Although I hate to paint any type of woodworking projects but my wife wants me to paint these adirondack chairs I made for her in bright red and Yellow( 2 chairs) .
I need to get an exterior primer and exterior paint,and would like to spray paint them(with a spray gun) rather than using a brush.
What paint have you used for outdoor furnitures that you are happy with?Does Rustoleum paint do the job?
Can I use it in my spray gun?
Thank you for your inputs.


----------



## firefighterontheside (Apr 26, 2013)

I have sprayed rustoleum out of my hvlp but I didn't like it. Had to thin it. I think I would go to a paint store and get some exterior oil based alkyd that you can have tinted to the colors you select. I had good luck spraying that kind of paint when thinned and with penetrol added. Learned that from earlextech.


----------



## distrbd (Sep 14, 2011)

Thanks Firefighter,what did you use as primer?


----------



## firefighterontheside (Apr 26, 2013)

Did not use a primer.


----------



## Planeman40 (Nov 3, 2010)

I think you will be unhappy with your paint job after a few months if your adirondack chairs sit out in the weather. The wood will swell and contract with the rain, humidity, and other types of weather and your paint will show this and begin to peel and look awful. Try an outdoor deck stain.

Planeman


----------



## distrbd (Sep 14, 2011)

Thank you planeman40,I know using just any paint for outdoor furniture is asking for trouble,but I have heard using oil based exterior primer and then seal it with oil based exterior paint should last a good while on any outdoor furniture.
I googled it and this two items bellow are highly reccomended:
http://www.benjaminmoore.com/en-us/for-your-home/paint-products/fresh-start-premium-primers?lang=en_US&role=H#piSheen=023&advs=0&tab=2

http://www.benjaminmoore.com/en-us/for-your-home/product-catalog?prod=Benjamin_Moore_Arborcoat_Exterior_Stain#piSheen=640&tab=2


----------



## Momcanfixit (Sep 19, 2012)

I have 2 pine Adirondacks that sit outside from Spring until late Fall. They've been snowed on a few times, but do get put inside during the winter. They get full sun all day.

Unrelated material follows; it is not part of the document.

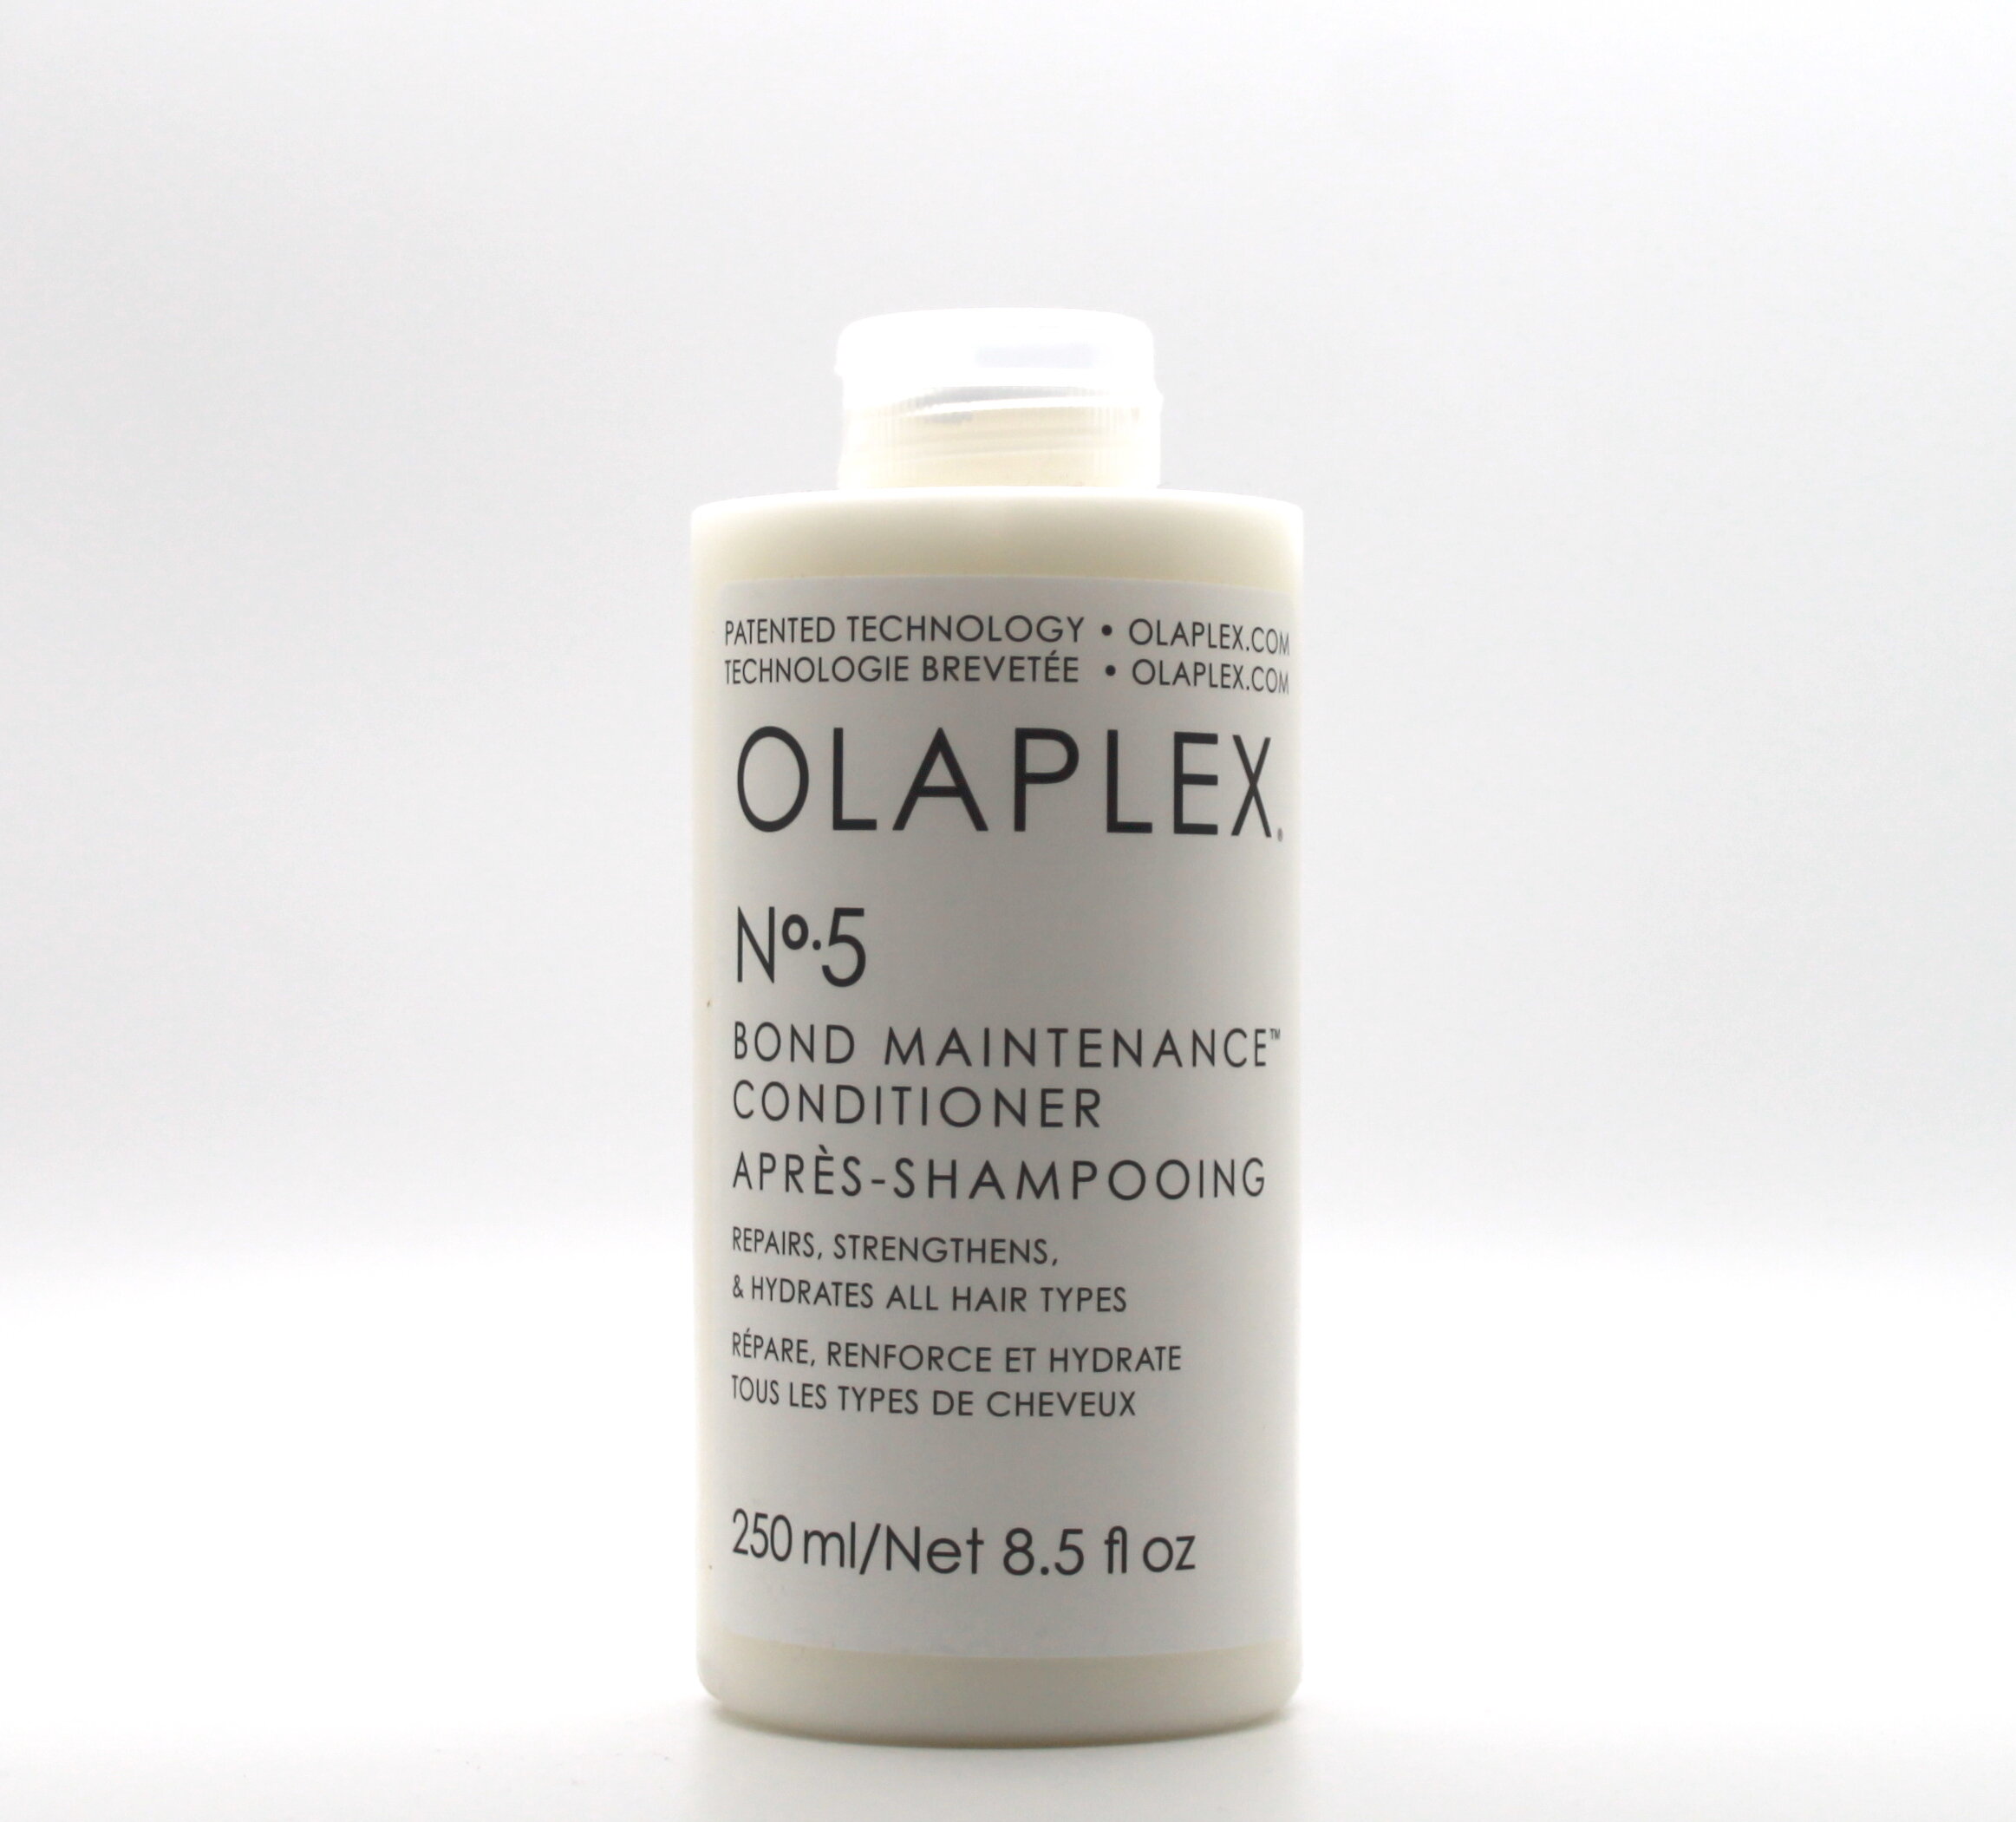 OLAPLEX #5 (conditioner)

I painted them four years ago with an oil based paint for porches and floors. Didn't prime, but did put two coats.
After four years, the paint on the parts which touch the ground look like they're ready to be redone but barely.
No peeling, warping or plagues of locusts!

We bought them before I got into ww to any degree, so I didn't think twice about painting them.
I like the bright colours and I have since built two myself. Those also were painted and given as gifts.


----------